A literature discussion has been developed for two courses: (i) a more basic set of questions appropriate for a sophomore level course or, possibly, a one semester upper level course that does not spend much time on organometallics, and (ii) an in-depth, in- and out-of-class set of assignments appropriate for an organometallics unit or course. Both sets of questions explore the mechanism of olefin metathesis in first- and second-generation Grubbs catalysts using a variety of spectroscopic kinetic techniques that were presented in the paper Sanford, M. S.; Love, J. A.; Grubbs, R. H. J. Am. Chem. Soc. 2001, 123, 6543-6554 (doi: 10.1021/ja010624k).
A student should be able to do the following after completing this LO:
Identify and discuss the importance of an olefin metathesis reaction.
Distinguish between Fischer- and Schrock-type carbenes and count electrons in complexes featuring these ligands.
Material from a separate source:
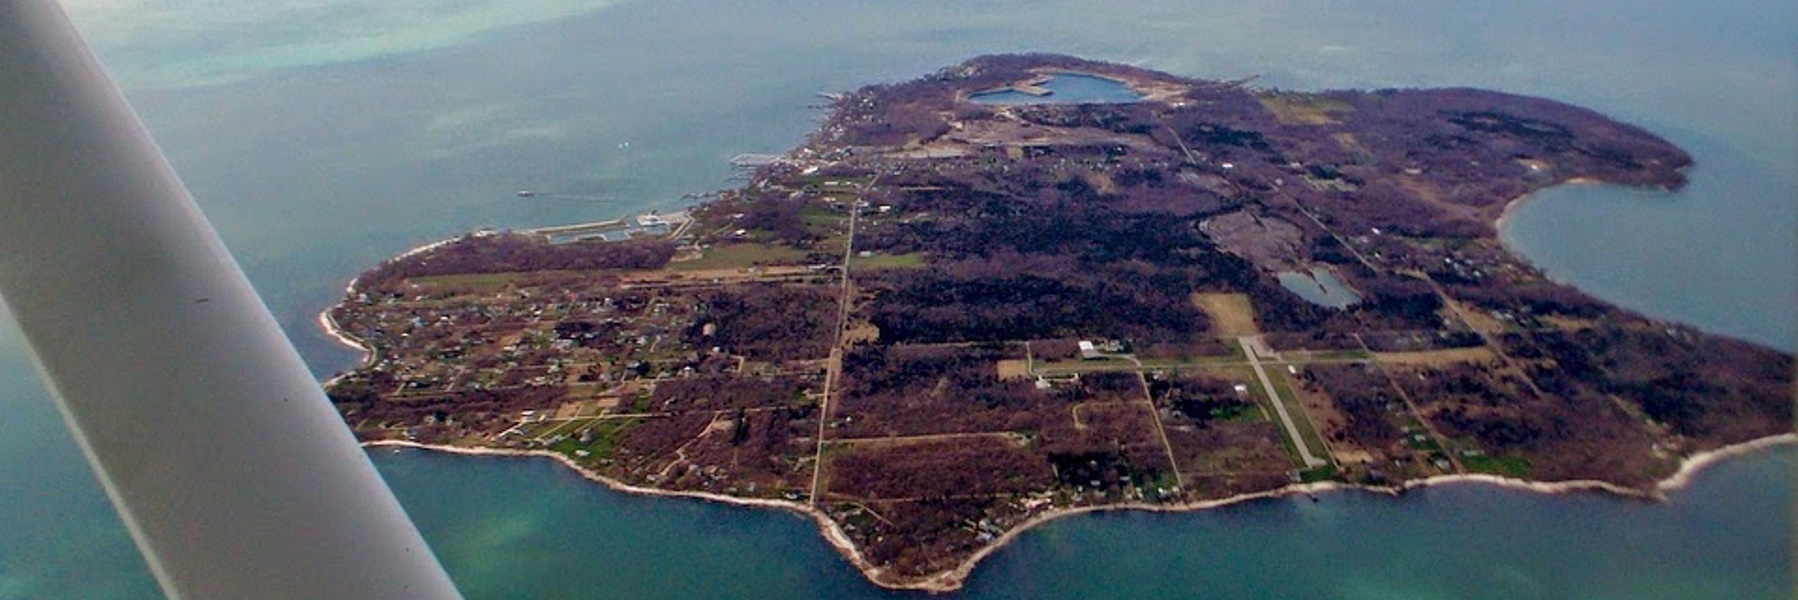 Kelleys Island aerial photo
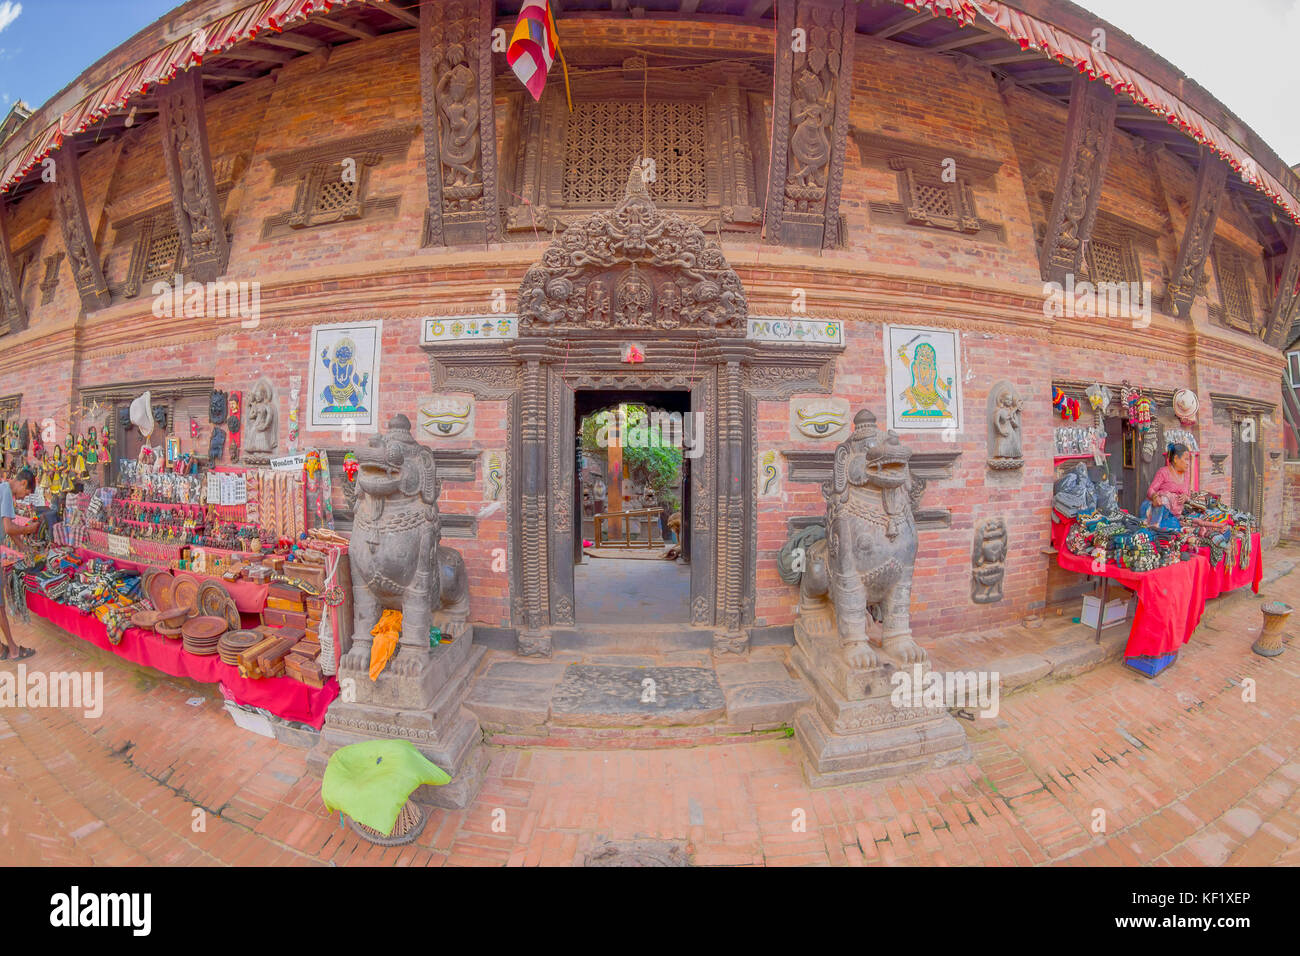 Bhaktapur, Népal - novembre 04, 2017 : deux lions en pierre à l'entrée d'un temple avec un marché de rue près de od les statues dans le temple de Nyatapola sur taumadhi tole, Bhaktapur, Népal Banque D'Images

Predict Ia vs. Id mechanisms based on electron counting.
Discuss why 31P and 1H NMR, and UV-Vis, were appropriate spectroscopic techniques for measuring kinetics in these systems.
Explain how variations in the catalyst (halide, carbene substituent, phosphine substituent, phosphine vs. NHC, etc.) affect ligand exchange.
Describe why the second-generation catalysts outperform the first-generation catalysts based on olefin binding vs. phosphine loss (in contrast to the historical reasons for their design), and why trans- effect arguments do not apply to the Grubbs system.
Two of us ran portions of these (they were not complete) in Fall 2016. Both of us noted that students were confused by the NHC representation in the manuscript because the authors assume that the reader knows there is no H on the carbene carbon, yet one would predict a H there based on the line structure formalism.
It is important to point out to students that the work here represents only the first 1-2 steps of the overall mechanism of olefin metathesis. There is a question in both the basic and advanced exercises that has students analyze the metallacyclobutane intermediate, but this species is formed later in the mechanism than any of the work presented here.